Respected doctors blamed him for much mental illness, with the Dutch psychiatrist Jacob van Deventer concluding in 1891 that "a large number of the mentally ill are passionate lovers of Wagnerian music".

The medical profession put this down partly to the sheer length of his operas, partly to the "pathological lack of rhythm" in Wagner's music, which led the late-19th-century author of popular science Grant Allen to conclude that the "gathered energy has to dissipate itself by other channels, which involves a certain amount of conflict and waste, leading to fatigue". This was also a time when the medical profession widely believed that disease was "unrhythmical" while health was "rhythmical".
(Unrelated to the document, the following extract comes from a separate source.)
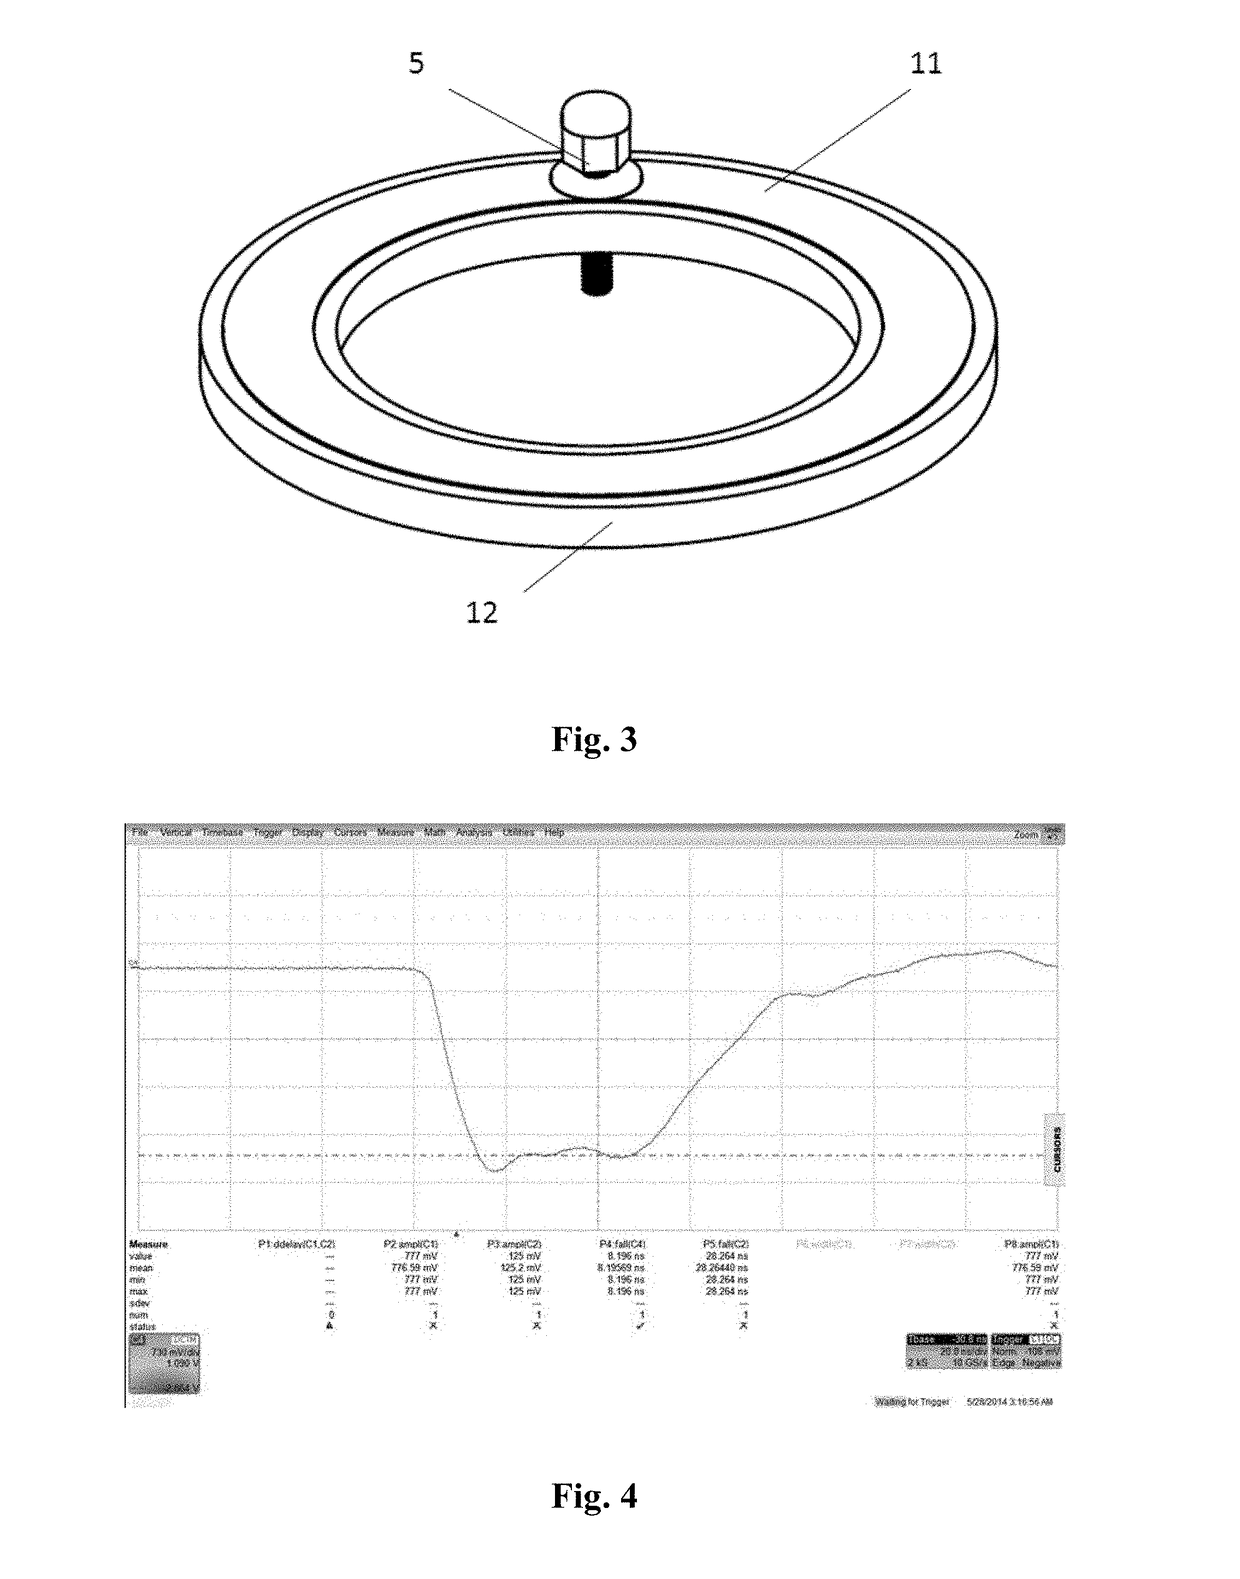 Pulse power device based on annular ceramic solid state line

Probably the first acknowledged victim of the nervous strain caused by what Kennaway calls Wagner's "lush timbres and radical harmonies" was Ludwig Schnorr von Carolsfeld, the first singer of Tristan und Isolde, who died in 1865 in a "Tristan" delirium at the age of 29 shortly after his debut performance, muttering: "Farewell, Siegfried; console my Richard!" In a letter, a distraught Wagner admitted his music had "driven the singer to the abyss".

Women were considered to be particularly susceptible to the "disease" of musical nervousness that was often referred to as Wagnerianism. The music was inextricably linked to eroticism (take the incest in Die Walküre and the adultery in Tristan), and was believed to nurture dangerous sexual feelings among young, unmarried women. Wagner was blamed not only for the premature onset of menstruation but also infertility, melancholy, hysteria and hypnosis.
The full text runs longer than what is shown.